COP29 di Baku, un vertice senza conquiste decisive per il clima
La 29ª Conferenza delle Parti (COP29) della Convenzione quadro delle Nazioni Unite sui cambiamenti climatici si è conclusa lo scorso venerdì 22 novembre, portando con sé un misto di speranze e delusioni. Questo appuntamento cruciale, tenutosi in una fase storica segnata da eventi climatici estremi sempre più frequenti, aveva l'obiettivo di accelerare l'azione globale per affrontare la crisi climatica.
Tra i principali risultati della COP29 spicca l'accordo su un fondo per le perdite e i danni, Loss and Damage Fund, destinato a sostenere i paesi più vulnerabili agli impatti del cambiamento climatico.
Questo strumento, pur essendo stato discusso a lungo nelle conferenze precedenti, ha finalmente trovato una base operativa, anche se resta da vedere come verrà finanziato e gestito.
Un altro passo in avanti è stato l’impegno rafforzato da parte di numerosi paesi per eliminare gradualmente i combustibili fossili non mitigati.
Tuttavia, le ambizioni su questo fronte variano notevolmente tra gli Stati, e la formulazione degli impegni lascia spazio a interpretazioni divergenti.
Nonostante i progressi, molti osservatori sottolineano come la COP29 abbia mancato l’obiettivo di stabilire una chiara roadmap verso il raggiungimento degli 1,5°C di aumento massimo della temperatura globale. I piani nazionali di riduzione delle emissioni (NDCs) rimangono insufficienti per raggiungere questo obiettivo fondamentale.
Inoltre, la discussione sull’eliminazione completa dei sussidi ai combustibili fossili è stata rimandata, evidenziando le difficoltà politiche ed economiche di un tema tanto delicato quanto essenziale.
La COP29 ha ribadito che la transizione climatica è in atto, ma il ritmo resta troppo lento rispetto all'urgenza della crisi. Sarà fondamentale che i prossimi appuntamenti portino a impegni vincolanti e verificabili, con una maggiore pressione verso gli stati e le aziende che continuano a investire nei combustibili fossili.
Per quanto, invece, concerne le politiche climatiche del governo italiano sono giudicate «fortemente inadeguate» e «poco ambiziose» secondo la Climate Change Performance Index (CCPI), una classifica globale stilata annualmente da Germanwatch, Climate Action Network e New Climate Institute. Il rapporto, presentato durante l'evento di Baku, offre un quadro preoccupante per l'Italia, che si colloca al 43º posto a livello mondiale per performance climatiche.
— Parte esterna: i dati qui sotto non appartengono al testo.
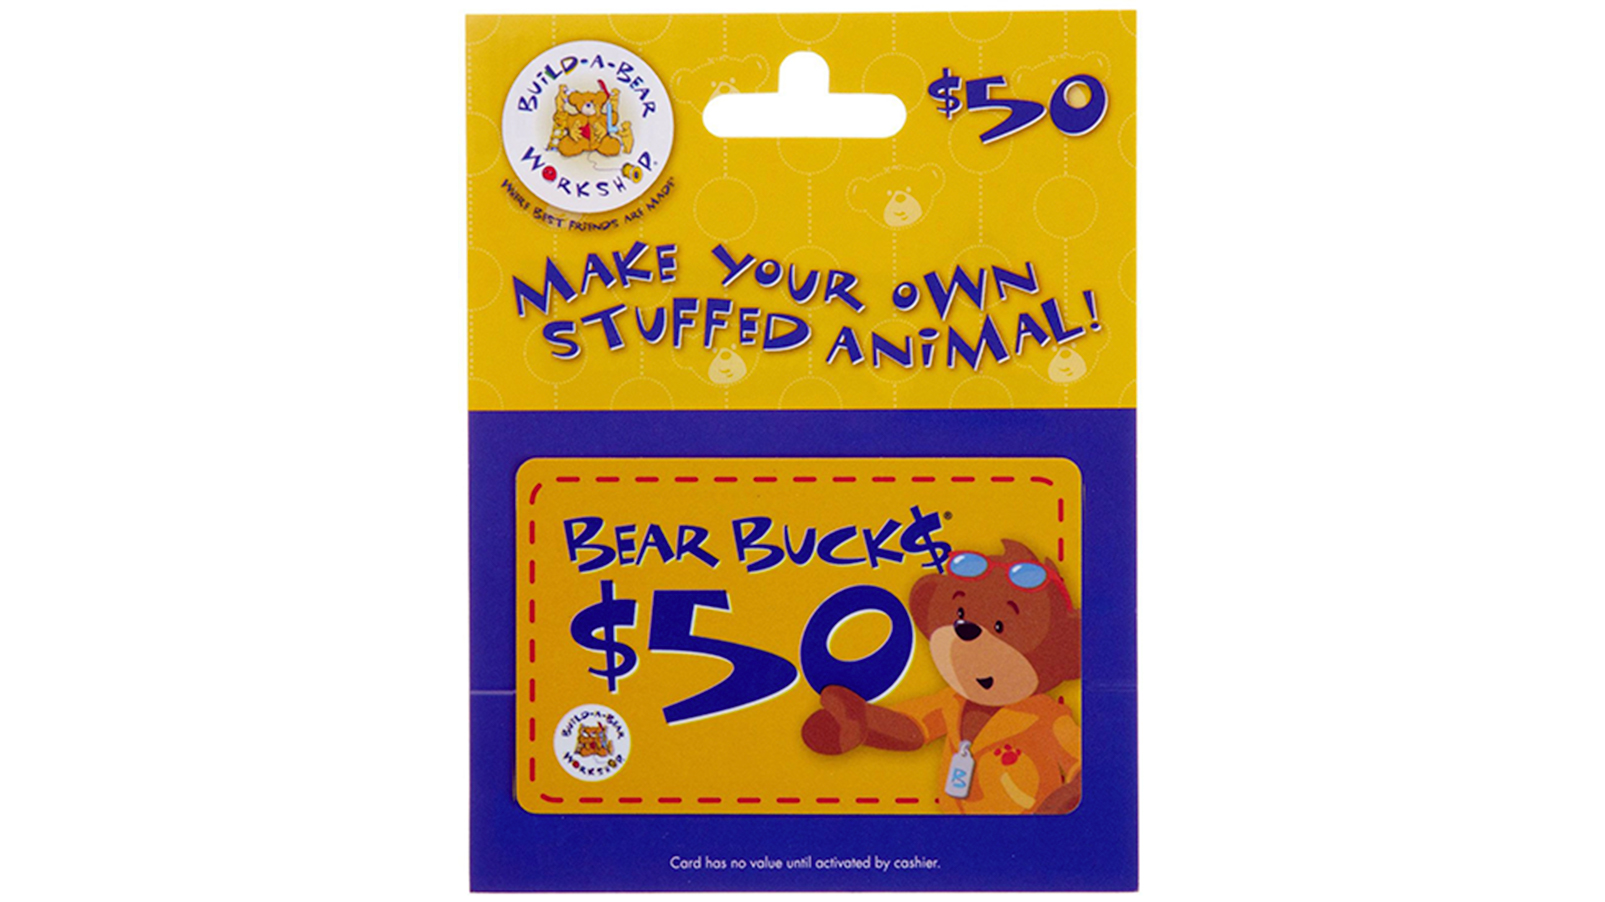 53) Build-A-Bear Gift Card

Sebbene vi sia un lieve miglioramento rispetto al 2023 (44ª posizione), il paese registra un netto peggioramento rispetto al 2022, evidenziando una tendenza poco incoraggiante.
Confrontando l’Italia con i soli Stati membri dell’Unione Europea, il risultato è ancora più deludente: tra i 27 paesi, l’Italia si posiziona al 20º posto, segnalando un ritardo significativo rispetto agli standard continentali.
Le critiche principali del rapporto si concentrano su alcune decisioni del governo Meloni, tra cui il rinvio della chiusura delle centrali a carbone dal 2025 al 2029 e il ritmo ancora troppo lento nello sviluppo delle energie rinnovabili. Questi fattori, secondo gli autori dello studio, compromettono seriamente la capacità dell’Italia di affrontare in modo efficace la crisi climatica.
In definitiva, la COP29 è stata un passaggio importante, ma non risolutivo. La sfida climatica richiede una risposta collettiva più coraggiosa e decisa, capace di tradurre le parole in azioni concrete per il bene del pianeta e delle generazioni future.